◆ **Data section**
-=-=-

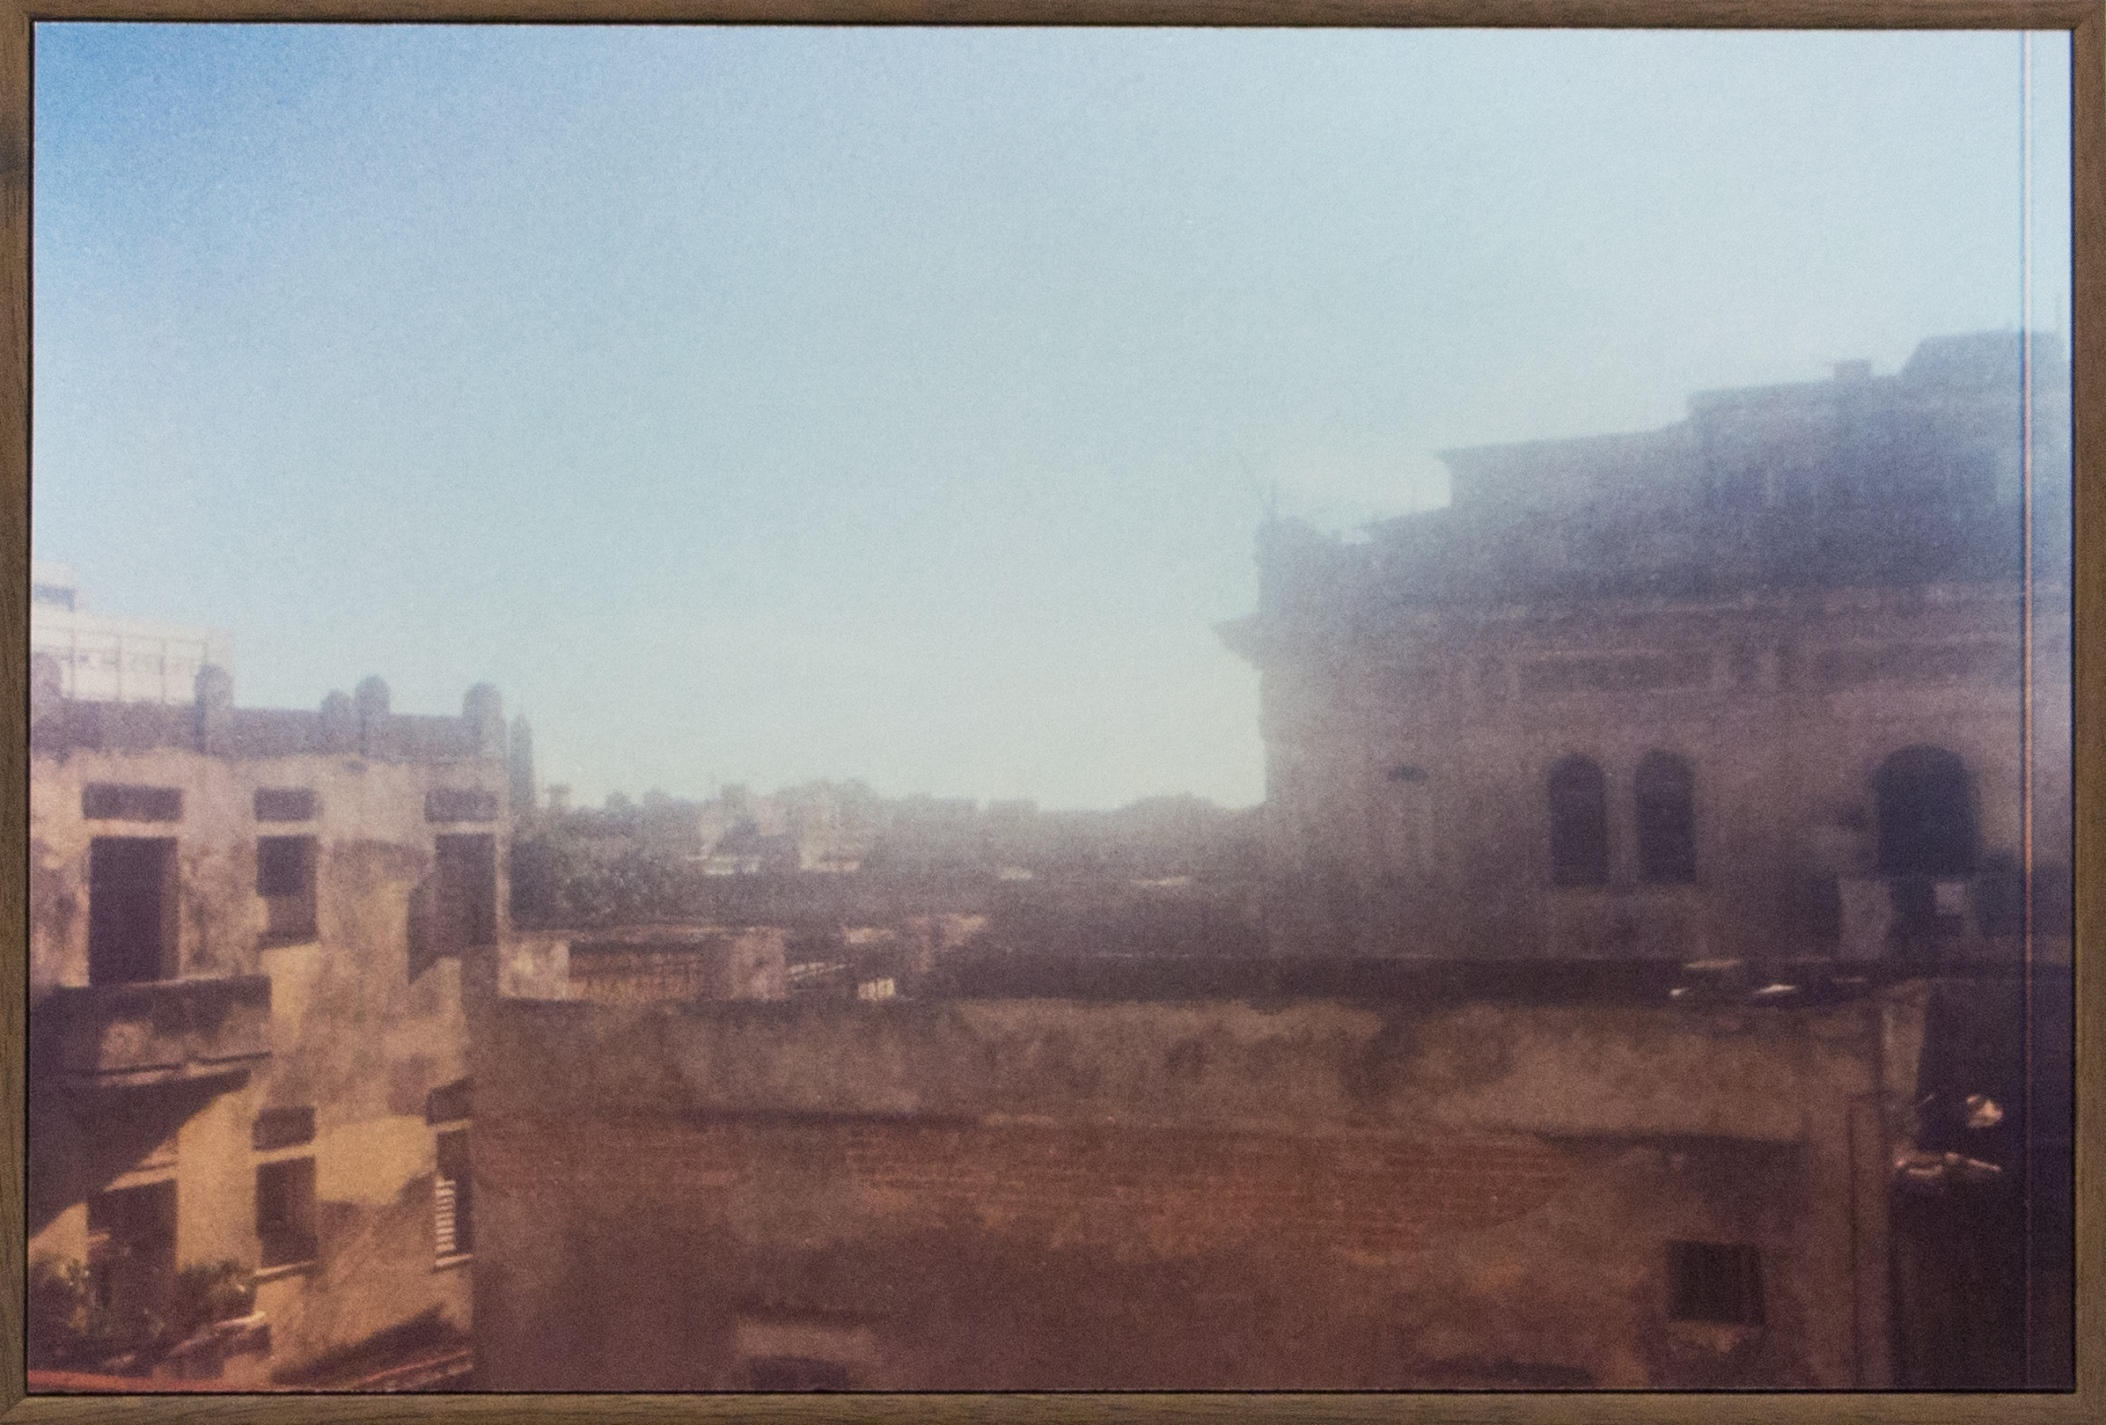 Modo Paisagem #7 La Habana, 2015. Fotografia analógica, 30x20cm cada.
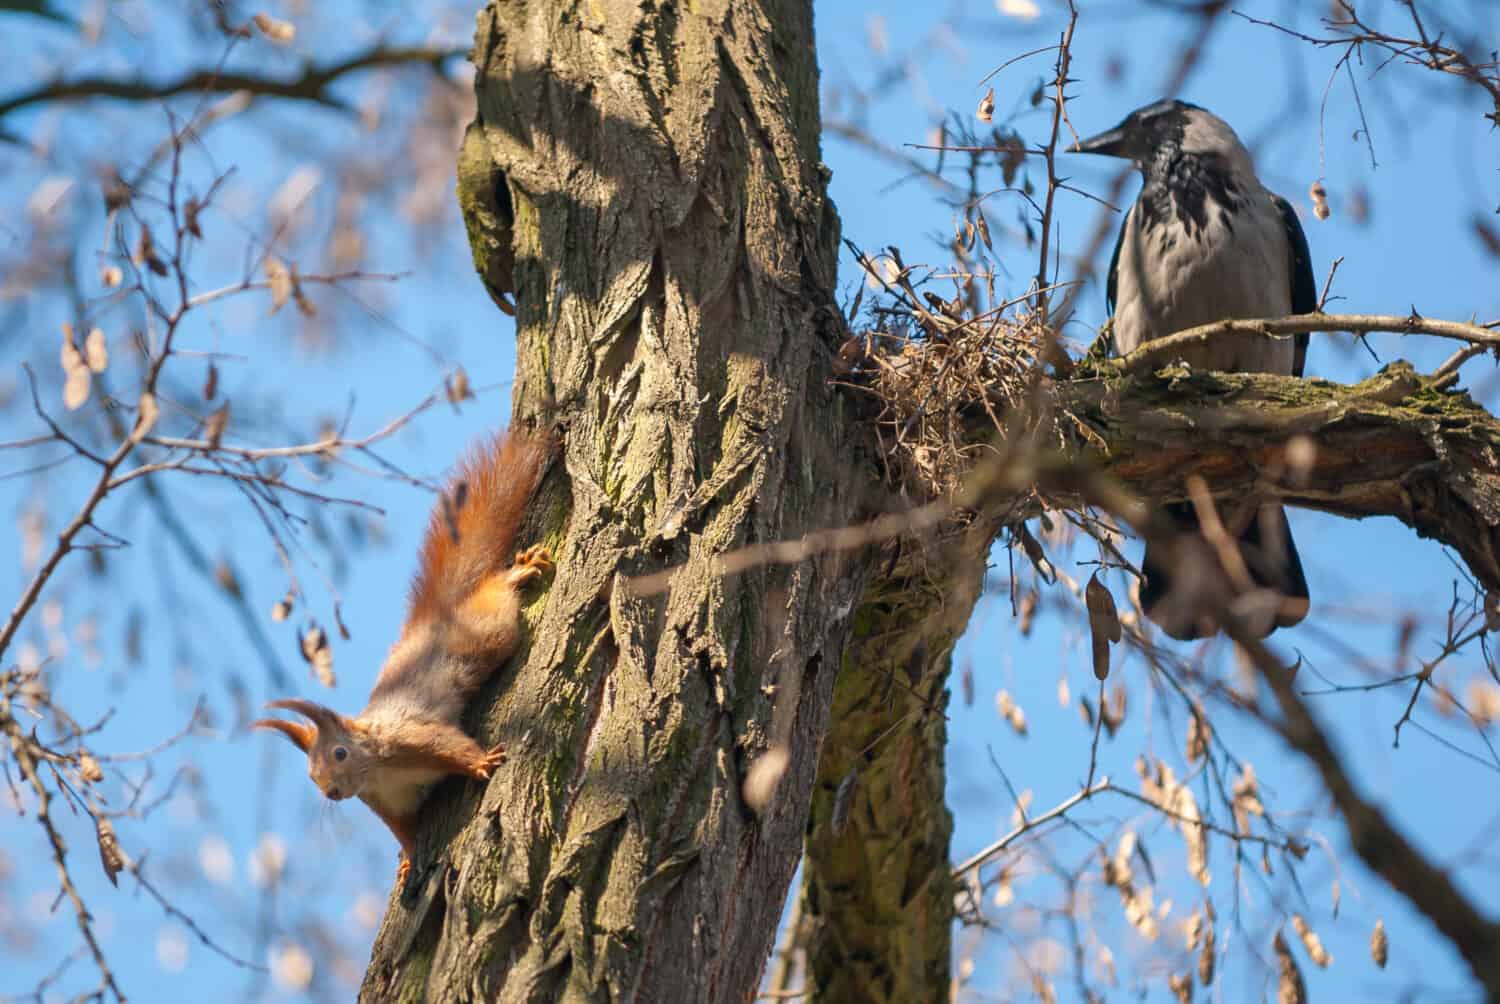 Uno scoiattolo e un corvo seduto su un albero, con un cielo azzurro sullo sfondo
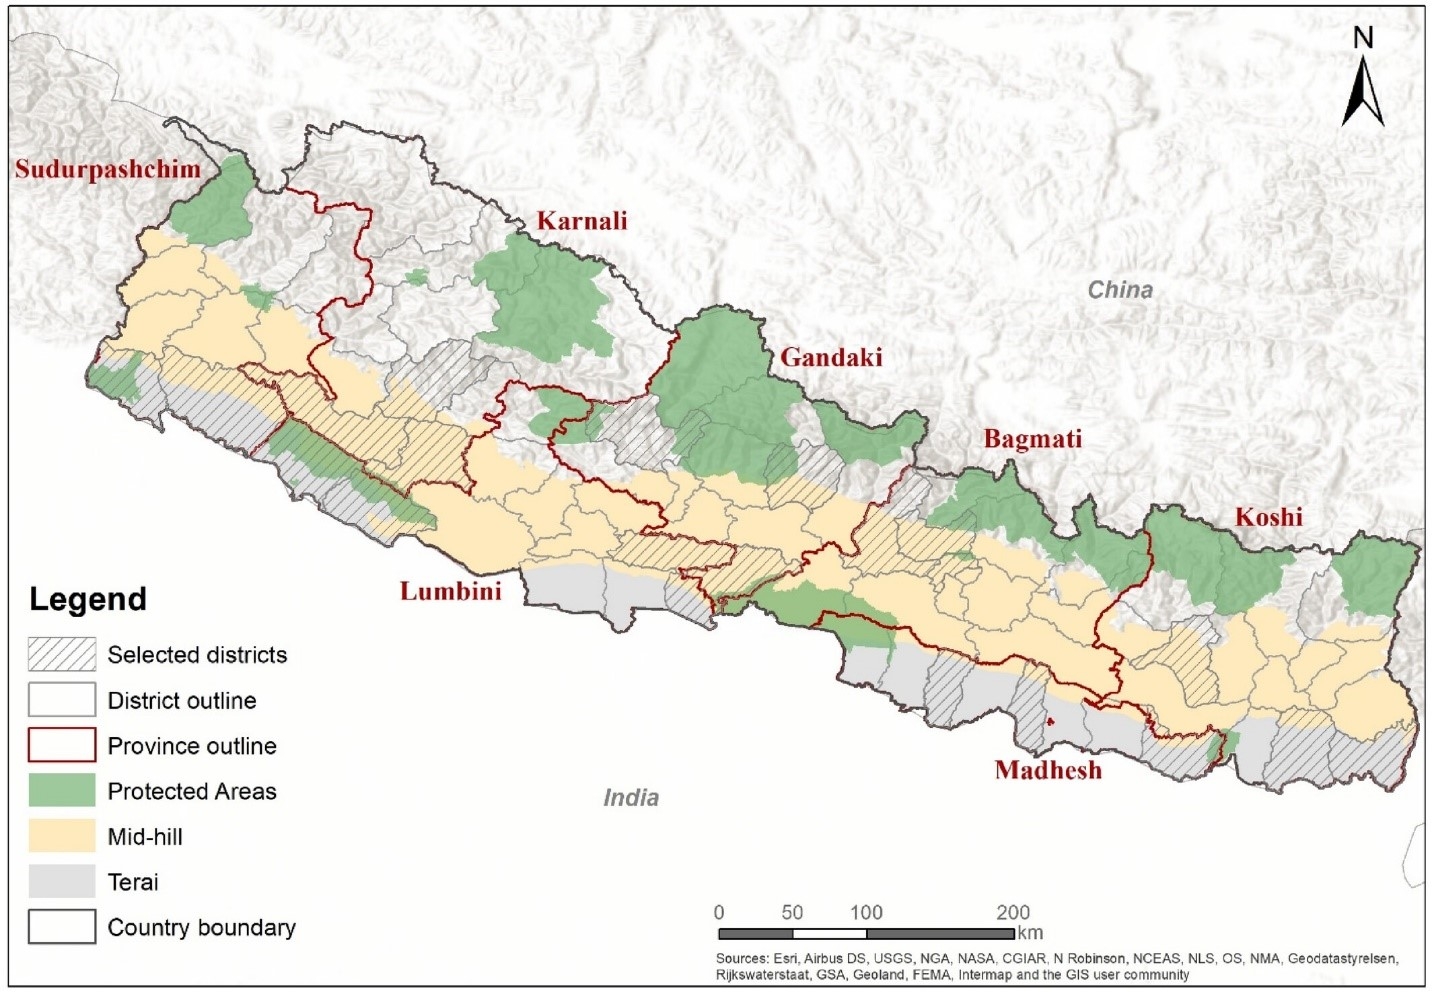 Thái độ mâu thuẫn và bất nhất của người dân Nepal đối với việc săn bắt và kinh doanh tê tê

-=-=-

◆ **Problem requirements**
All the material above should be written out exactly, with images omitted.

◆ **Problem solution**
 Modo Paisagem #7 La Habana, 2015. Fotografia analógica, 30x20cm cada.
 Uno scoiattolo e un corvo seduto su un albero, con un cielo azzurro sullo sfondo
 Thái độ mâu thuẫn và bất nhất của người dân Nepal đối với việc săn bắt và kinh doanh tê tê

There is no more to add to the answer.